House has been there so long and now that he’s the only thing left, he can’t push that away and call it all forgotten. Guilt will come pouring down in sheets and Wilson won’t know what to do with himself and House will know that. Facing the resultant glares and maliciousness would be worse than going to work and expecting the same old casual abrasiveness. Or, worse still, facing nothing but obliviousness, House simply ignoring him as if he’s washed his hands clean of Wilson entirely, because House never does anything in the middle of the spectrum, it’s always one end or the other, and Wilson can’t just say it’s not you, it’s me, and expect him to understand that. Just need some space, just need a break, and House will take that statement and wring it dry, shut himself away, pretend not to be hurt and project for all he’s worth.

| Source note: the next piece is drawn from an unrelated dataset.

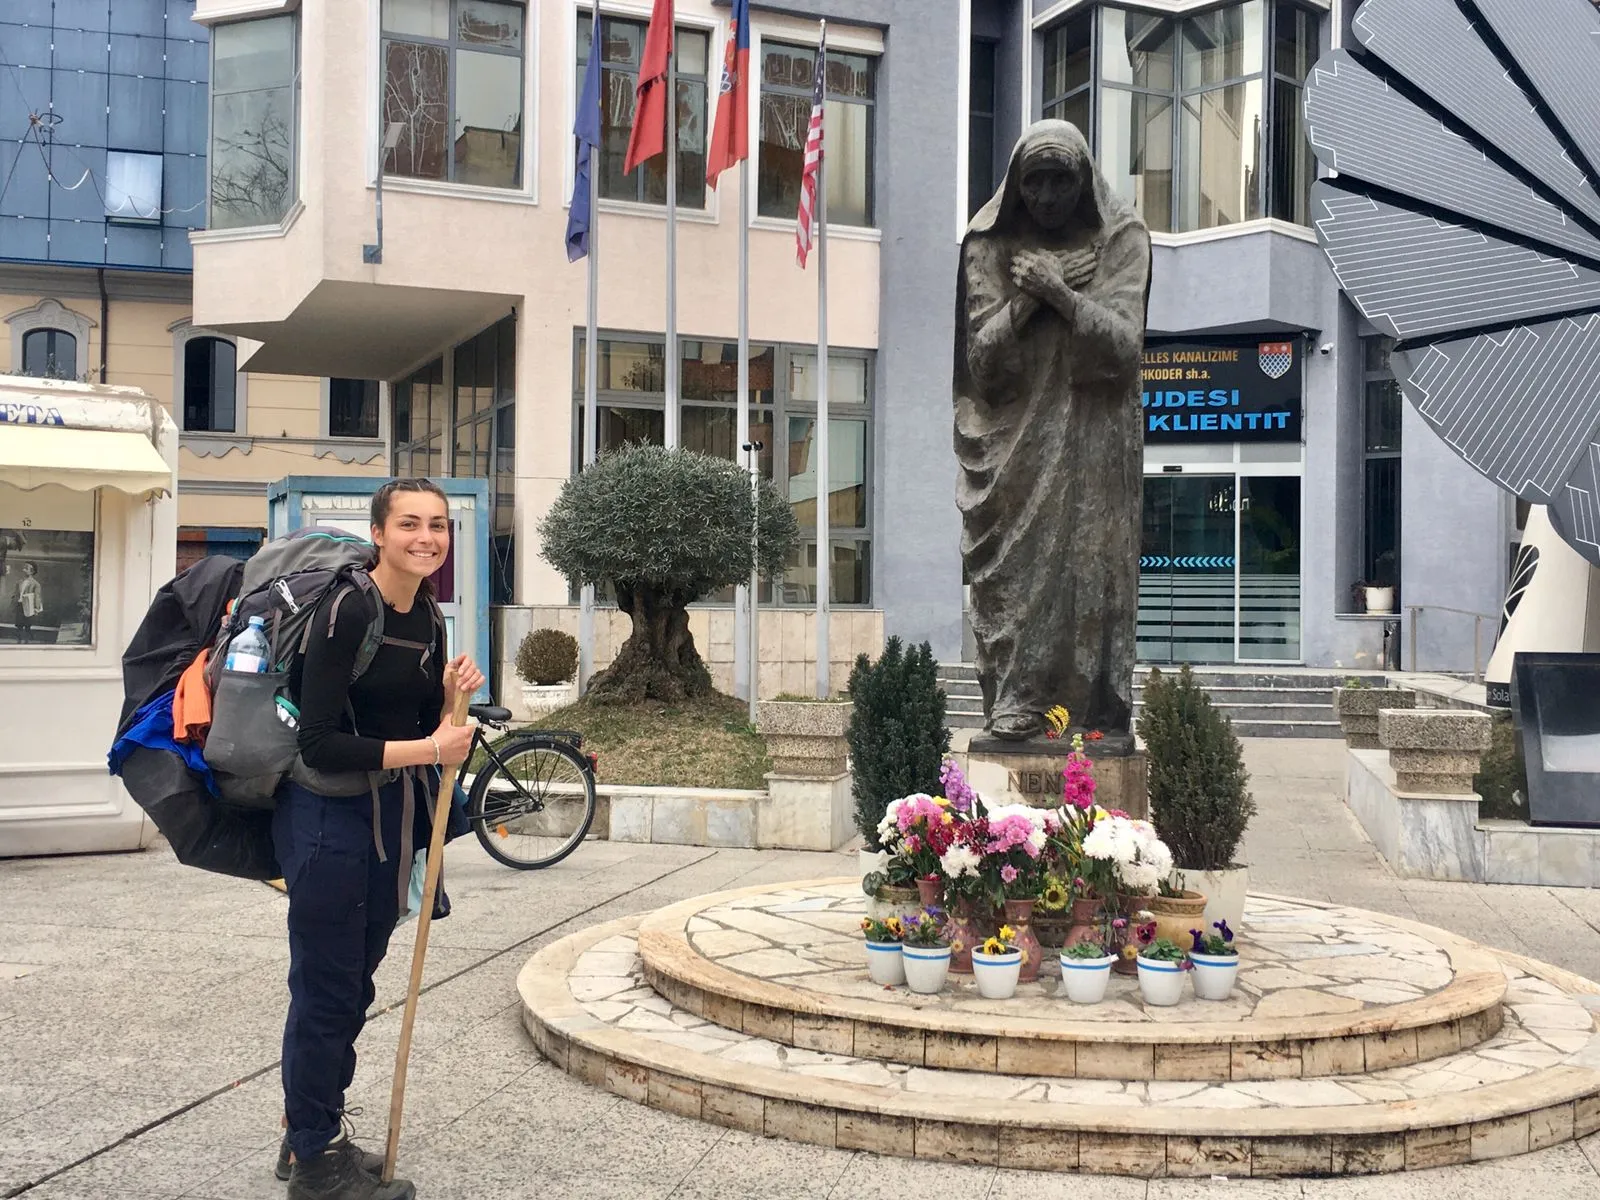 The arrival of Madeleine and Marie-Liesse in Albania. In the photo, Marie-Liesse is in front of a statue of Mother Teresa, who was originally from this country. "Every evening, we knocked on people’s doors asking for shelter, a bed, and food. The Lord always provided," they told CNA. Credit: Photo courtesy of French pilgrims Madeleine and Marie-Liesse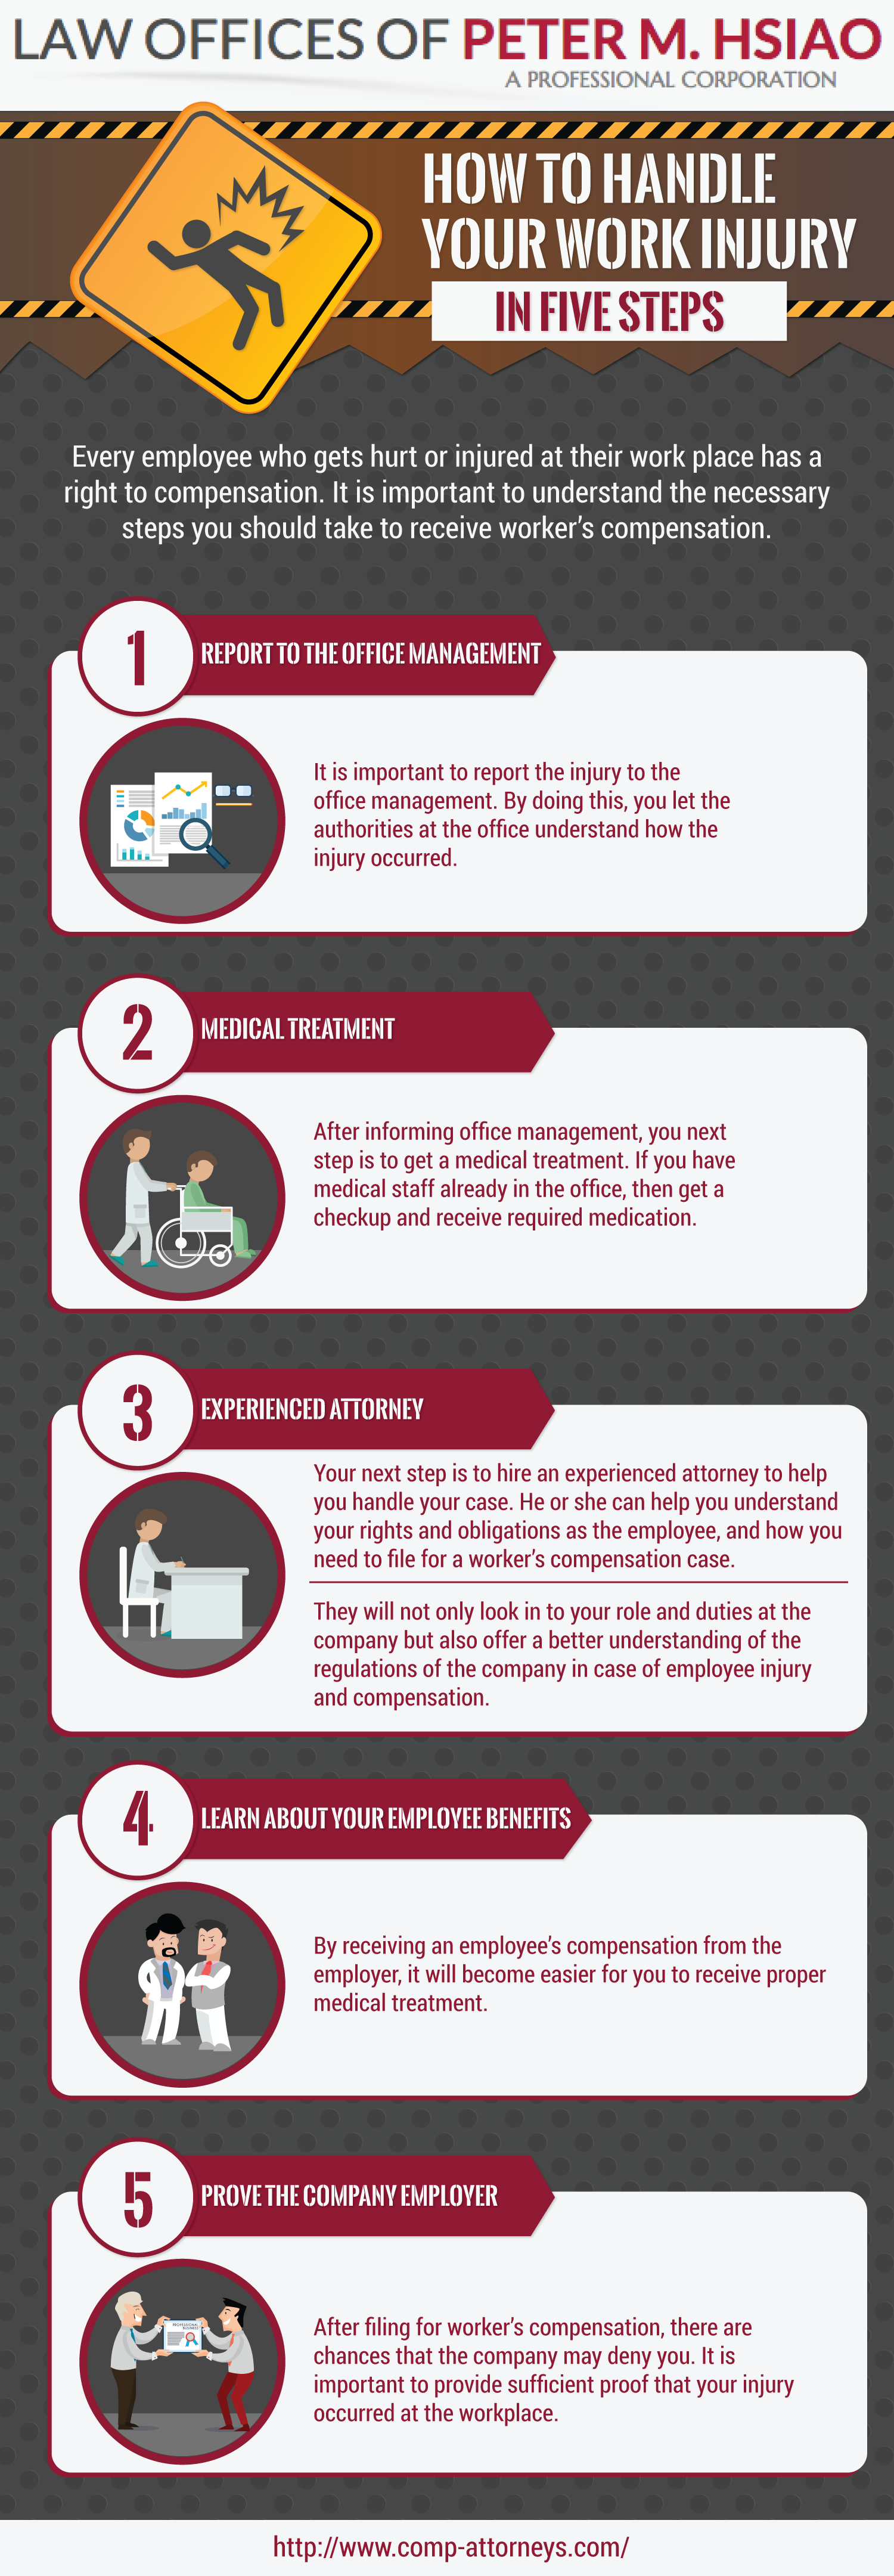 How to handle your work injury in five steps | Visual.ly

Wilson thinks he’s been close enough to House for it to hurt if his presence diminishes. It doesn’t make him any happier, but it’s more pleasant than thinking of House taking in such a statement with a nod and a fine, whatever and proceeding to act no differently. That would hurt more; that would mean all this time he’s spent with House and dealt with House and done his best to be there for House hasn’t affected him enough to care whether or not he and Wilson remain friends.
It doesn’t matter whether Wilson is wanted or needed because House will never tell him, and that’s the crux of it. He doesn’t want to find out how deeply they run. What they do have is screwed up, but it’s there and Wilson needs very badly for something to be there, some thread to cling to, something keeping him from snapping free and tumbling into the void.
Wilson straightens his shoulders and opens the door.